▶ _Supplied material_:
----------

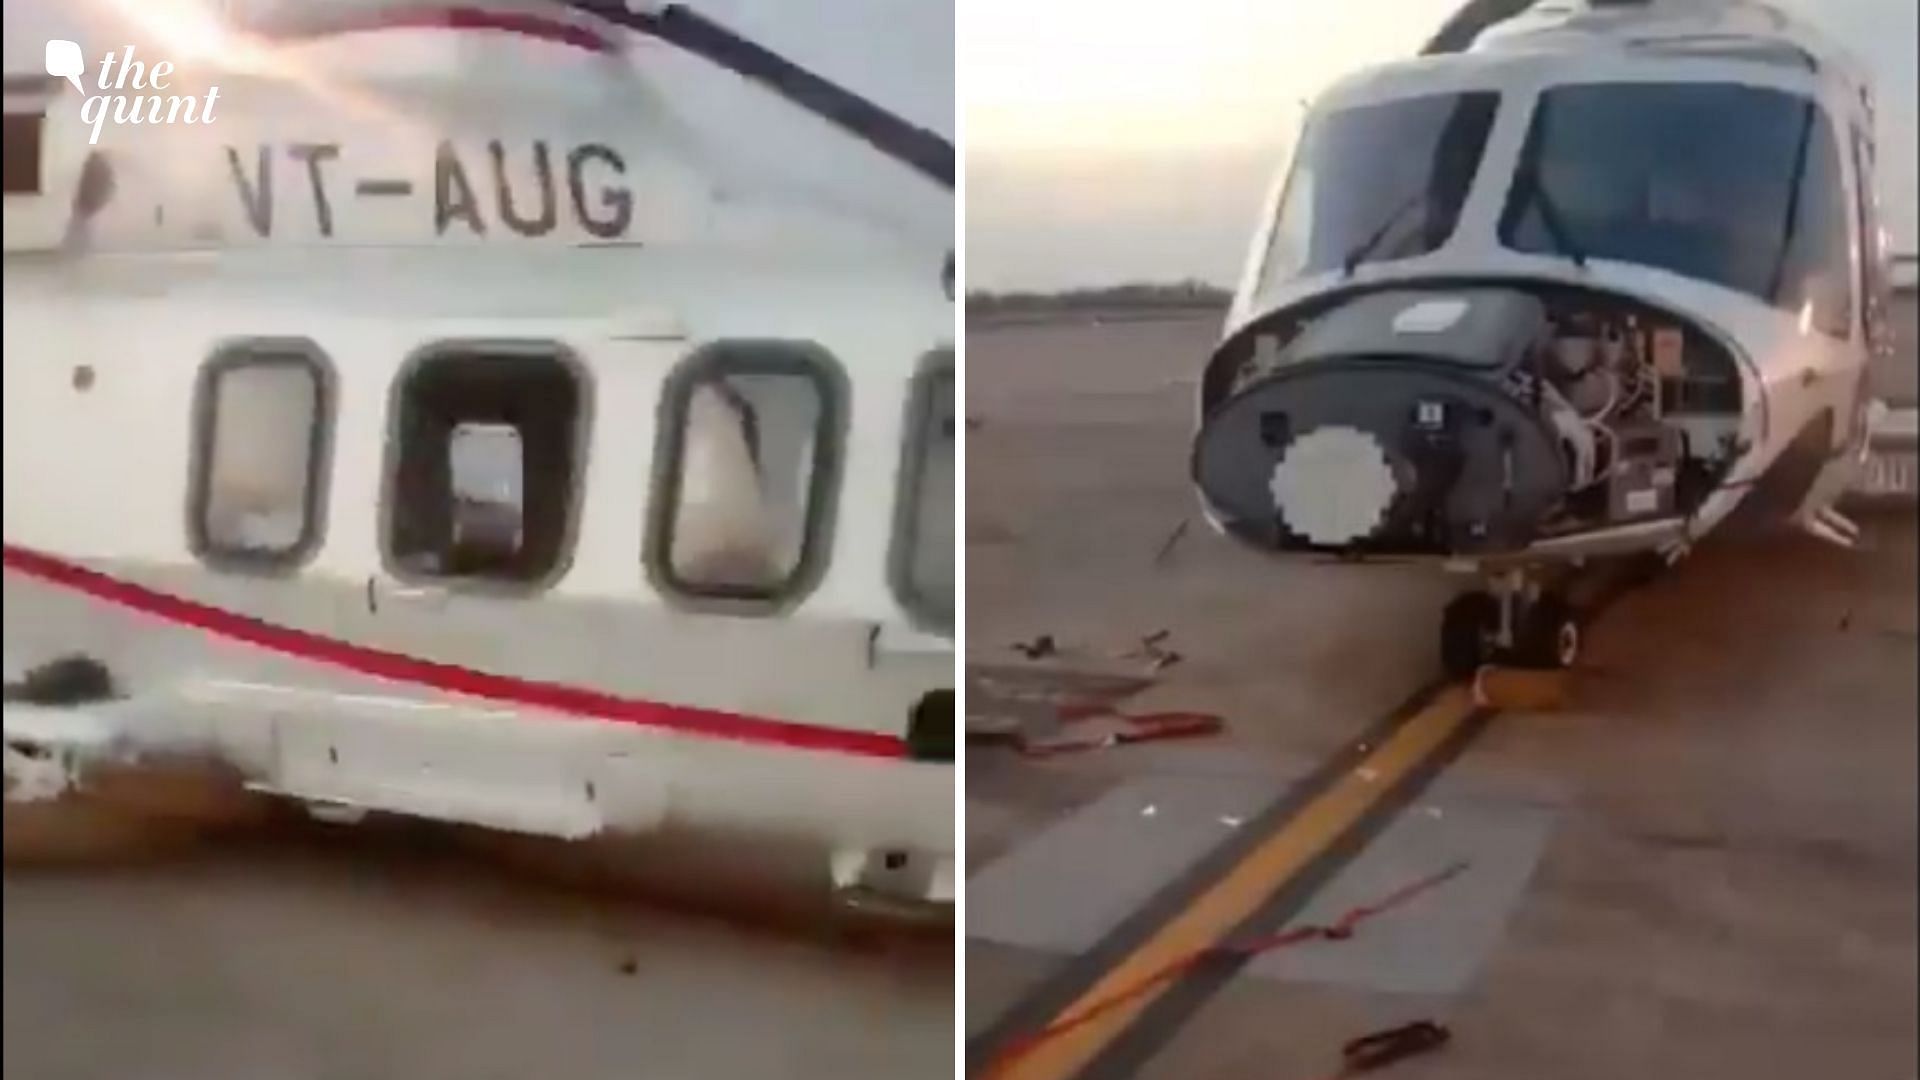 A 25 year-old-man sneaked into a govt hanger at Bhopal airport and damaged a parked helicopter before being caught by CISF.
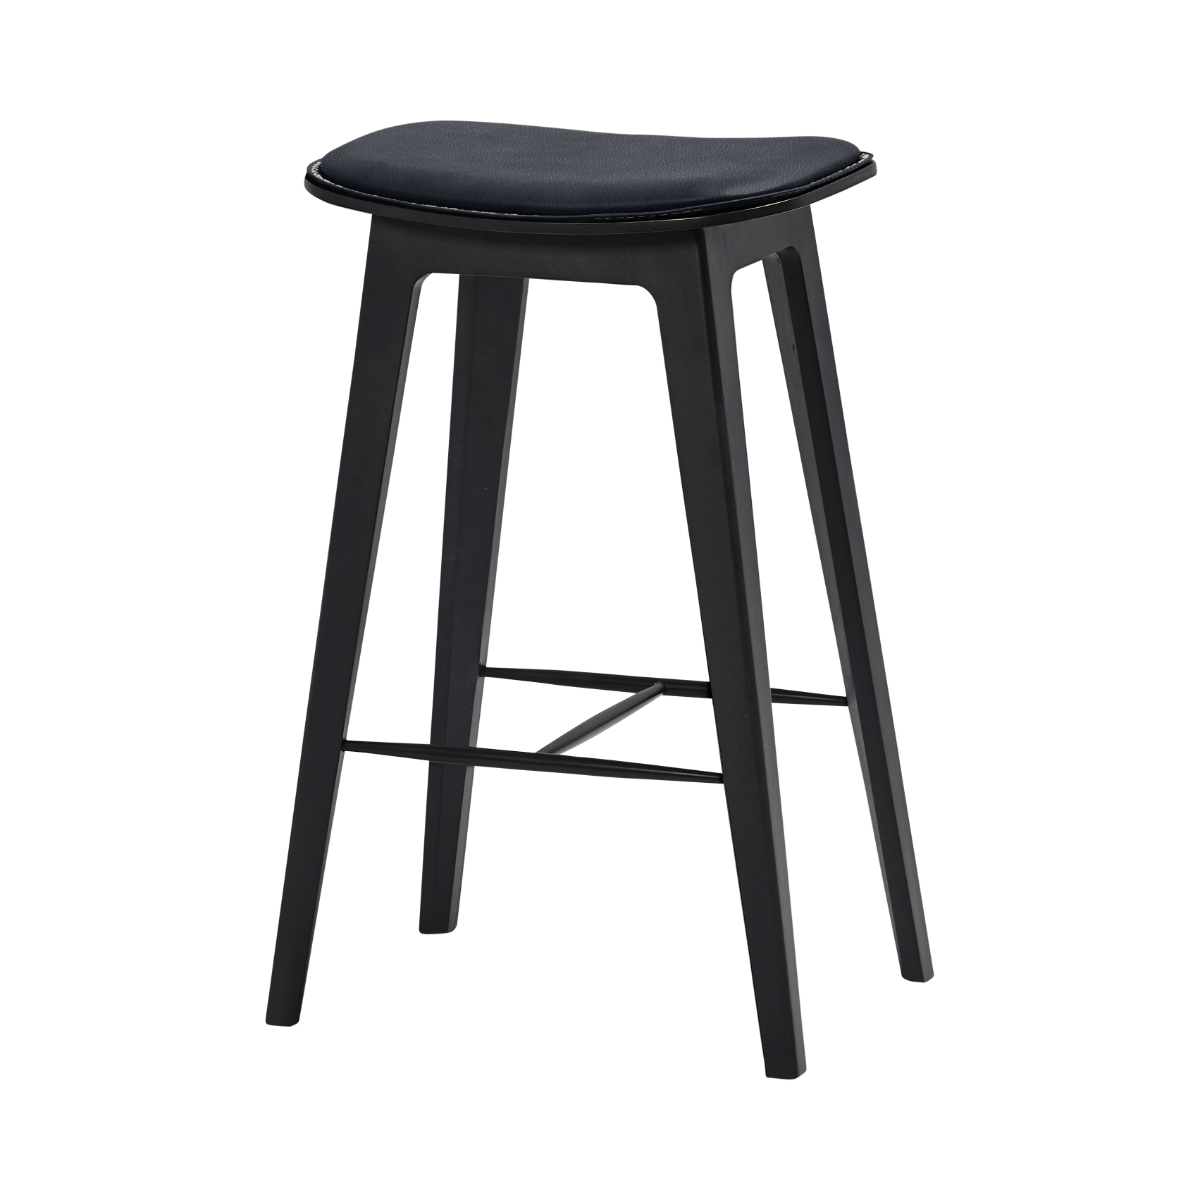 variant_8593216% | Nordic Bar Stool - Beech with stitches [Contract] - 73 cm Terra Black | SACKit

----------

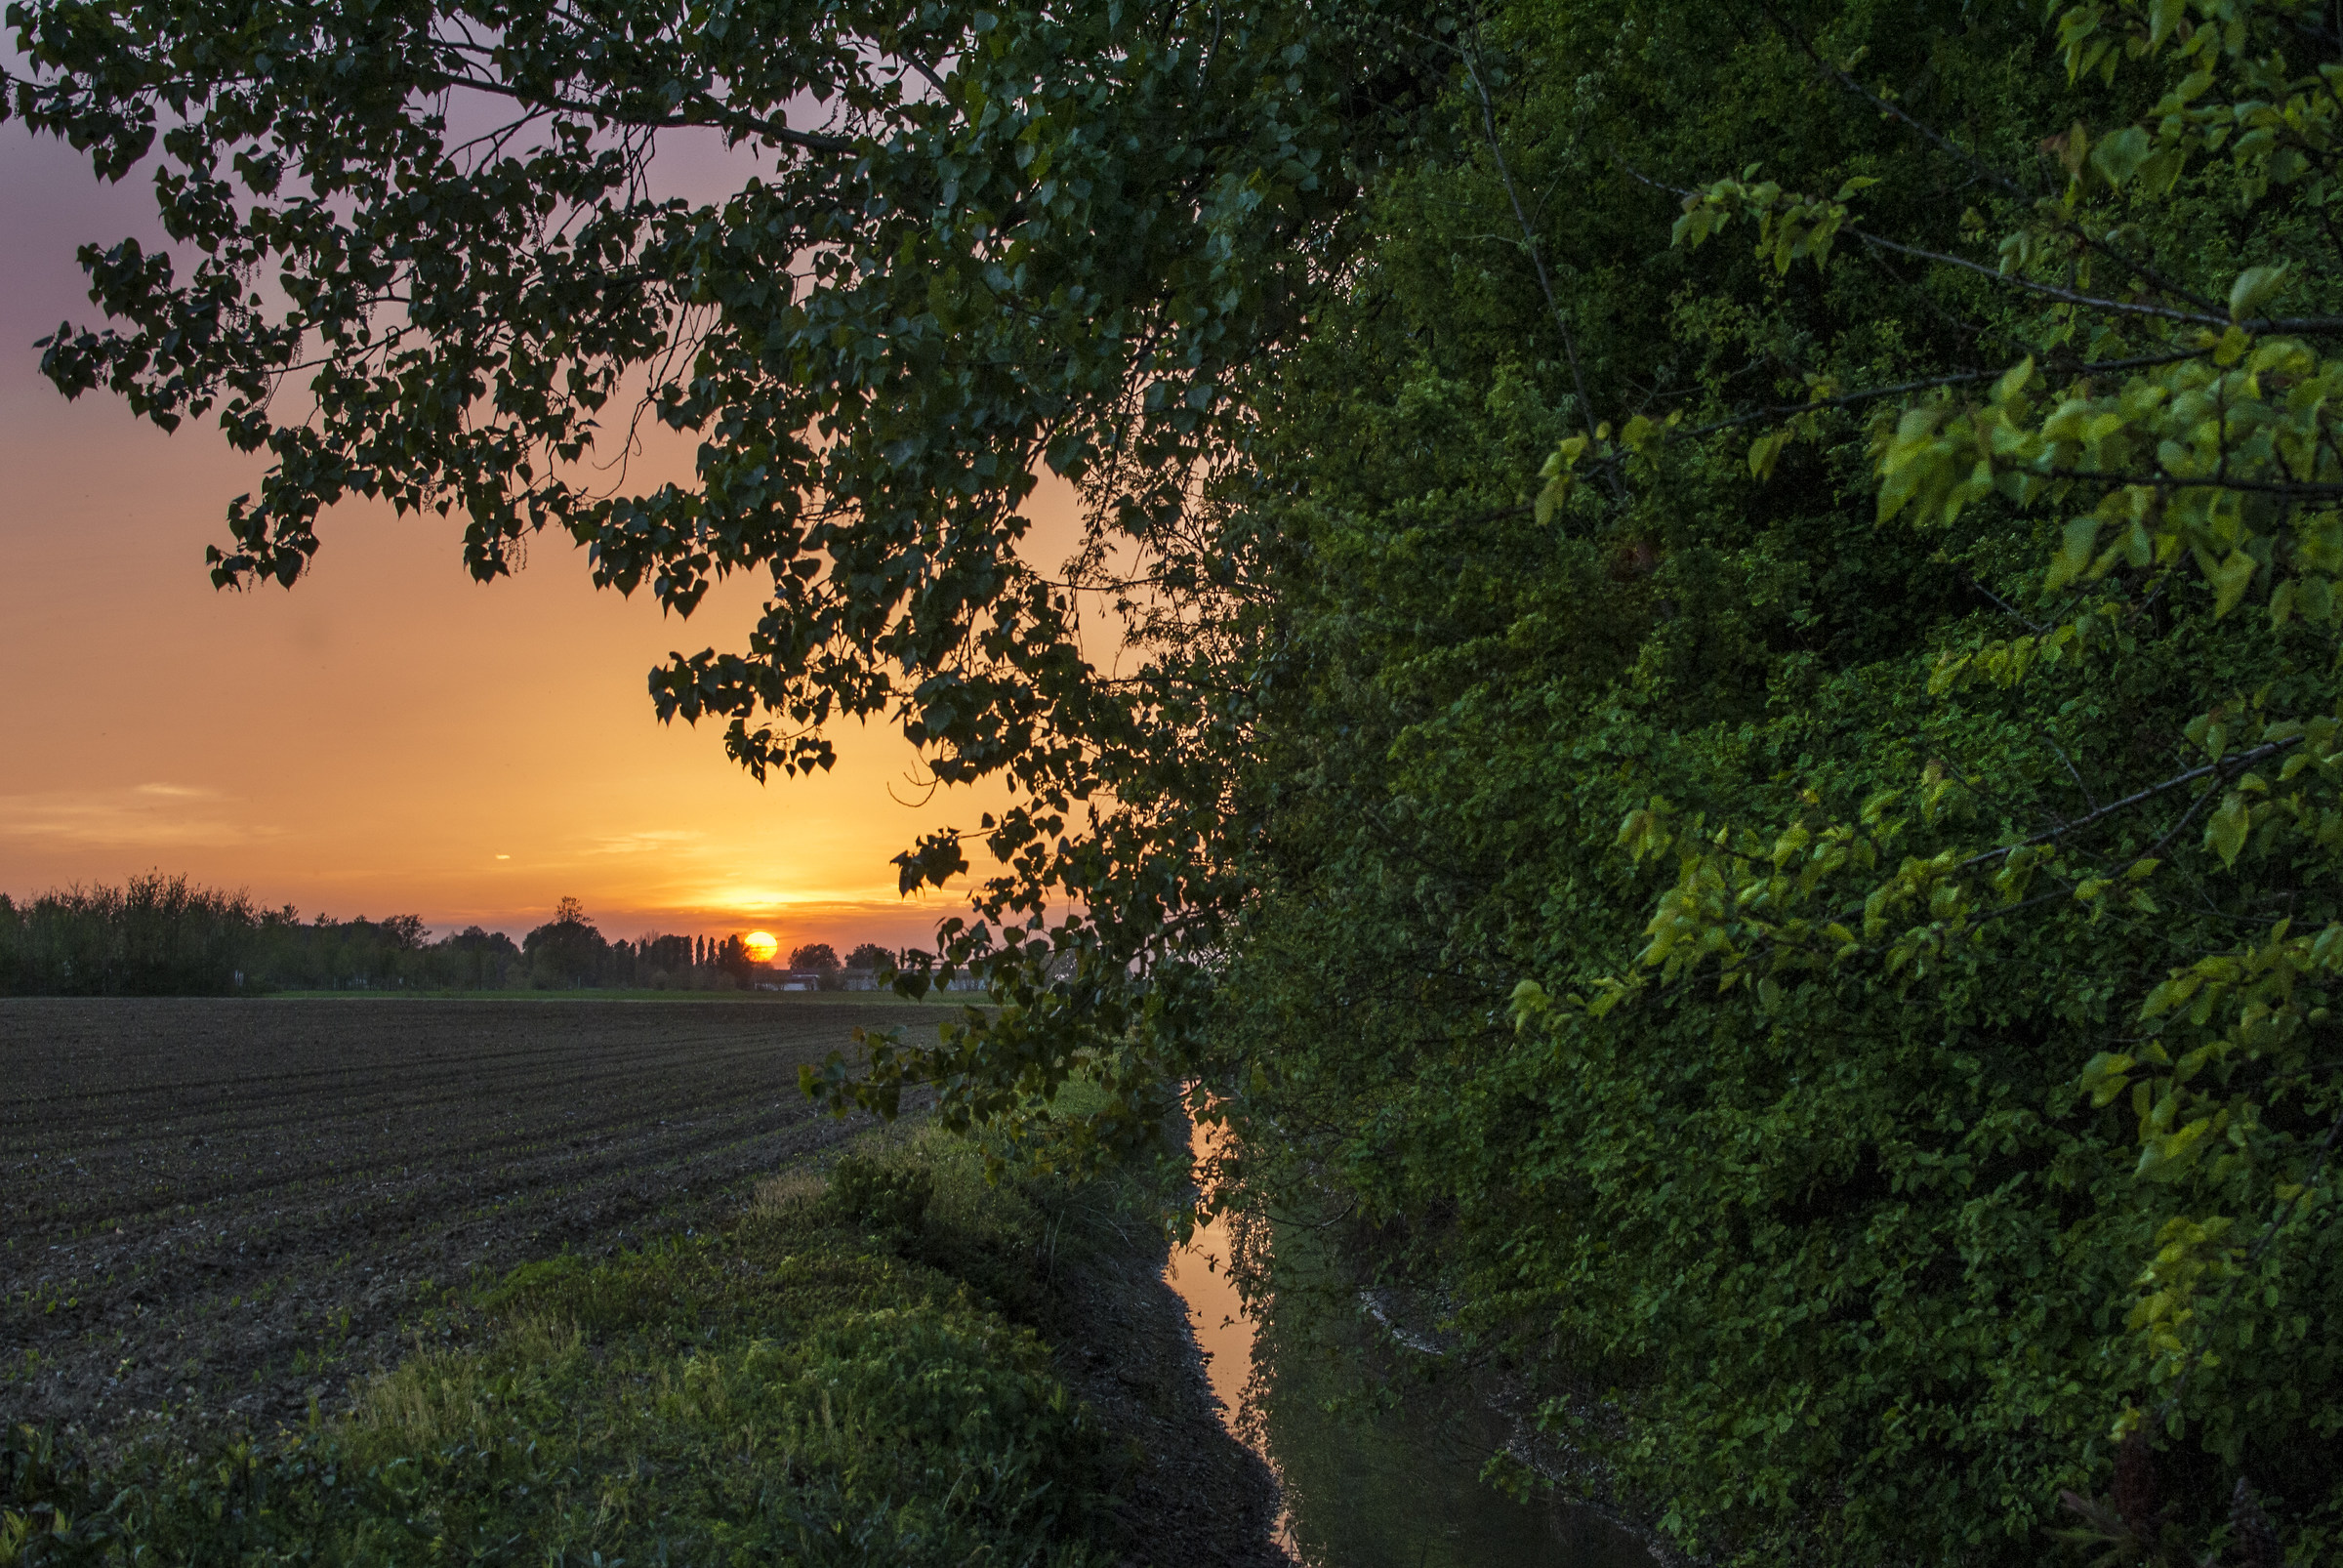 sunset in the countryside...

----------

▶ _What you need to do_: Range to copy from the listing above: the line with "A 25 year-old-man" through the line with "variant_8593216% | Nordic". Transcribe it exactly and skip the pictures.

▶ _Response box_:
 A 25 year-old-man sneaked into a govt hanger at Bhopal airport and damaged a parked helicopter before being caught by CISF.
 variant_8593216% | Nordic Bar Stool - Beech with stitches [Contract] - 73 cm Terra Black | SACKit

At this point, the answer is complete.